Aha. The final solution to this was reconfiguring JTidy (the first
step in my processing pipeline) to say:
tidy.setXHTML(false);
tidy.setXmlOut(false);
instead of saying:
tidy.setXHTML(true);
Fixing that means JTidy no longer "pretty-prints" with an inserted
namespace, which means NekoHTML doesn't get a wrong namespace, which
means I avoid the eventual output problems. And now my tags look
right: <STRONG></STRONG> is being output.
Do I need to be concerned about this line showing up in my html source?
<!DOCTYPE HTML PUBLIC "-//W3C//DTD XHTML 1.0 Transitional//EN">
Or is that appropriate for a regular html file?

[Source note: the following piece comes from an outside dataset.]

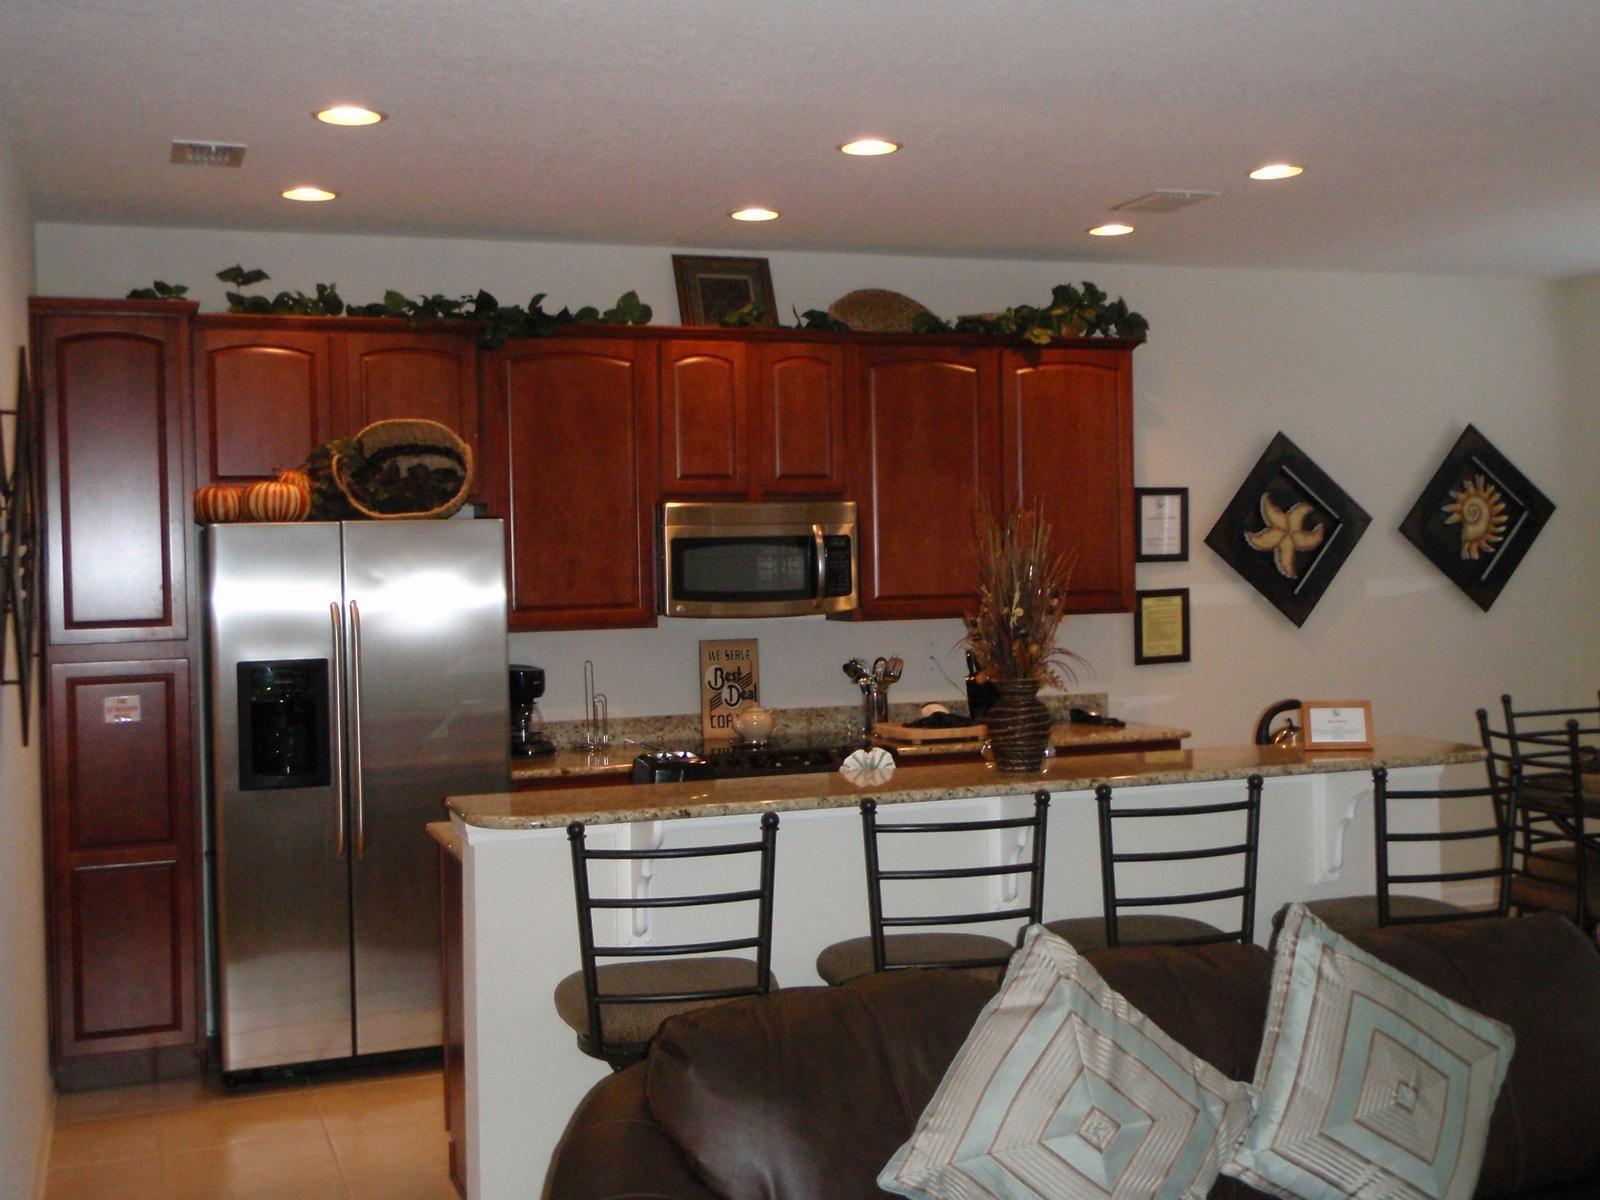 Barstools over the kitchen isl....

Thanks so much! Code is working now.
Jenny Brown
On Thu, Apr 17, 2008 at 10:57 AM, Brian Minchau <[EMAIL PROTECTED]> wrote:
>
> Hi Jenny.
>
> Yes, Henry is right.
>
>
> I don't know how I missed what your wrote:
> > which results in browser bombs, and starts with:
> > <HTML xmlns="http://www.w3.org/1999/xhtml" lang="en">
>
> That default namespace forces this HTML element to be treated as XML.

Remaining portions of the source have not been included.